For the company that was splitting into two entities, one company would be very capital markets-intensive while the other would be more operationally intensive. While the total headcount might have been enough, the knowledge and expertise that was needed wasn’t sufficient to simply assign experienced people to the required roles.
The solution was to make post-split assignments and begin a cross-training process to develop the needed skillsets in specific individuals. In some cases, employees had to do their current job, train someone to do their current job and learn a new job. This required that all treasury activity be consolidated to corporate. Regional treasury centers (RTC’s) were shut down with only some limited local representation for local business support and back up to corporate. The working philosophy during this period was always make yourself available for knowledge transition to ensure one’s own success.
Remove roadblocks quickly. As noted earlier, the splitting company imposed a very short timeline on itself to close the transaction. Consequently, it was necessary to ensure there were no delays, especially self-imposed ones. The company committed itself to making all decisions within 24 hours. Employees were not held up in doing their jobs by the inability of someone higher up to make a decision.
Be realistic about Year 1 objectives. In the months following a significant organizational change there is a tendency to want to fix everything right away. Embracing this will become overwhelming and can result in frustration and burnout. Both companies took the approach to execute the transaction first and then optimize operations later and methodically.
Communicate often, from the top and directly to subordinates. The rumor mill and anxiety mentioned earlier is best managed with as much honest communication as possible from all levels. The acquisition company says it is important to “engage internal and external constituencies frequently. It is important to combat the water-cooler conversations with one-on-one conversations. Senior leaders are also communicating regularly with employees globally to keep them enthusiastic and motivated.” The splitting company shares similar thoughts to combat the fear of the unknown.
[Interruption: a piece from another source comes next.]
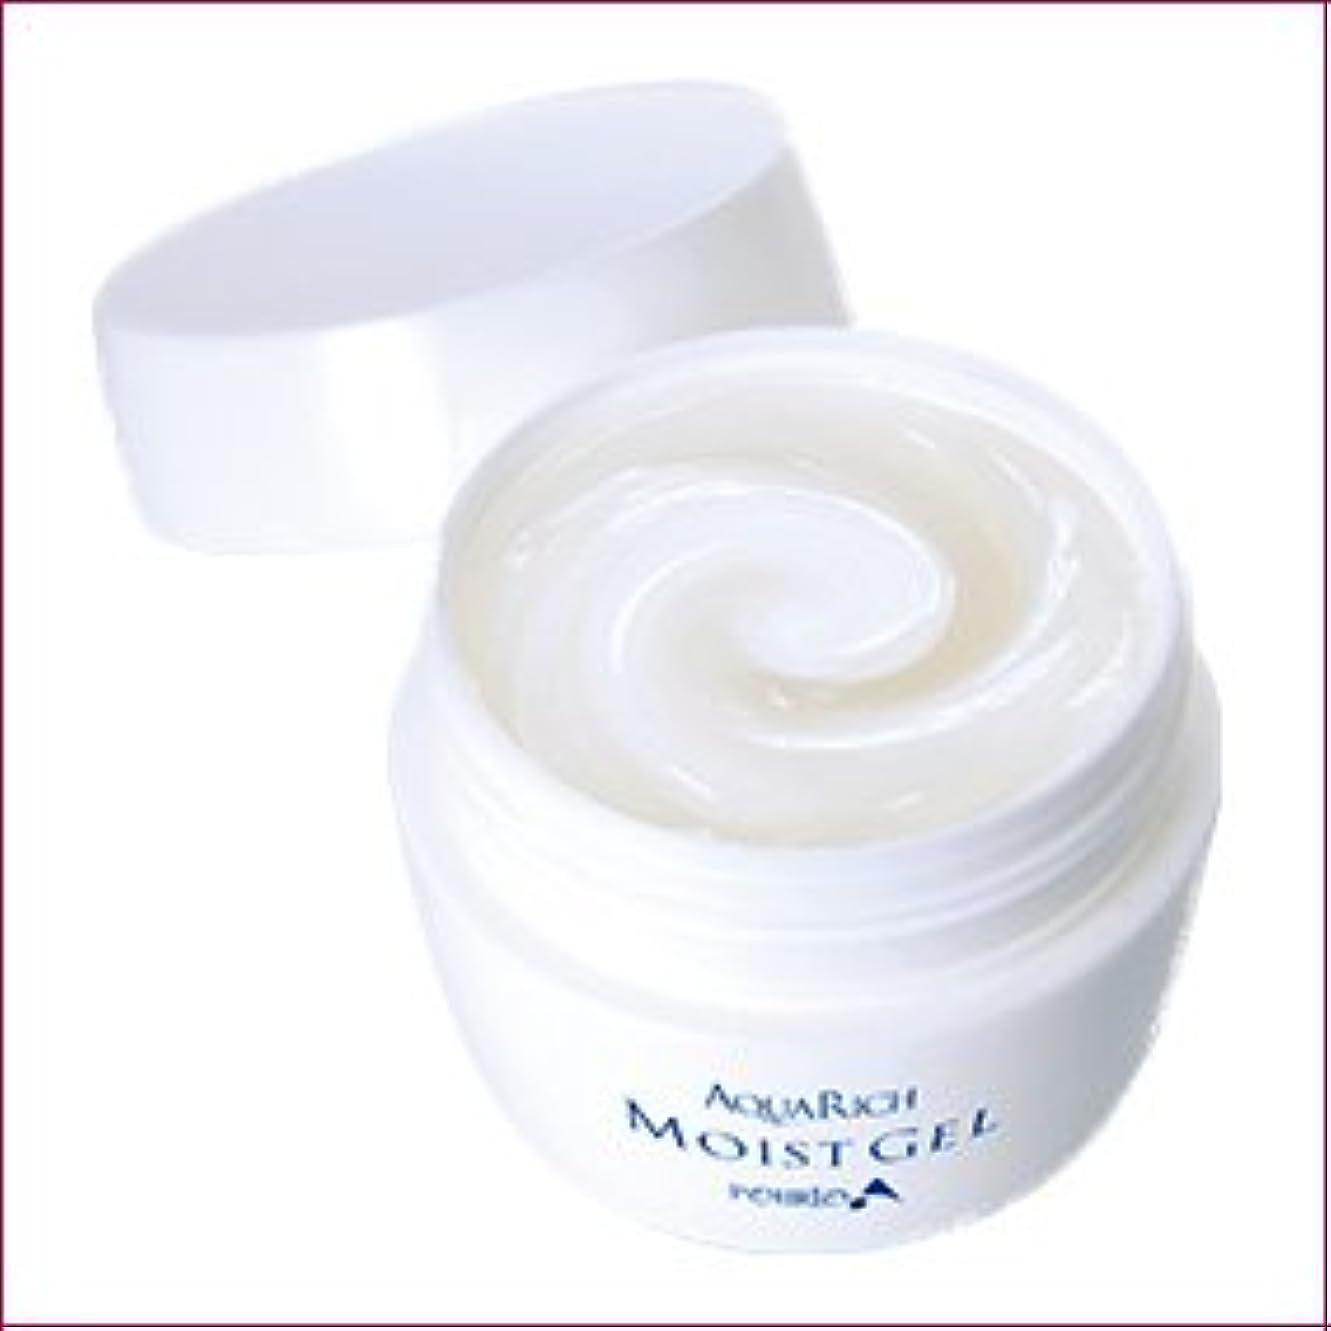 ブルジョンクモフラフープポルトA 洗顔後はこれひとつ 30秒のスキンケアアクアリッチ モイストジェル

The employees taking on new roles have anxiety about the unfamiliarity of the activity from time to time musto be reassured and given the tools to learn the new role.
Both companies also acknowledge that employees have to be educated about the new opportunities that will unfold for those who stick it out. Each experience loss of key employees who were compelled to run to a more stable environment. But this only opens doors for those who remain.
Embrace the disruption. Both M&A and splitting are immensely disruptive, and while this is unsettling, it is also an opportunity to conduct a wholesale review of the operation and use the disruption as an opportunity for positive change. Because of a very short timeline imposed for the transaction, the splitting company was forced to split the company in an “as is” state, or as they referred to it, “lift and shift”, i.e., to make no substantive changes. However, their approach did incorporate the documentation of all processes and taking note of where opportunities lay to improve within each company, or as they said, “optimize later.”
There continue to be weekly announcements of more corporate disruptions. If you happen to be the next headline, take comfort that following these practical steps will serve any company well as they will ensure fewer people will be “lost” along the way, and the united workforce experiences the gratification of the knowledge and expertise that was needed wasn’t sufficient to simply assign experienced people. It is important to ensure that soft skills are shared among employees, and that everyone feels comfortable about performing well in their future jobs. This builds camaraderie, bonds, and corporate culture in the new standalone businesses.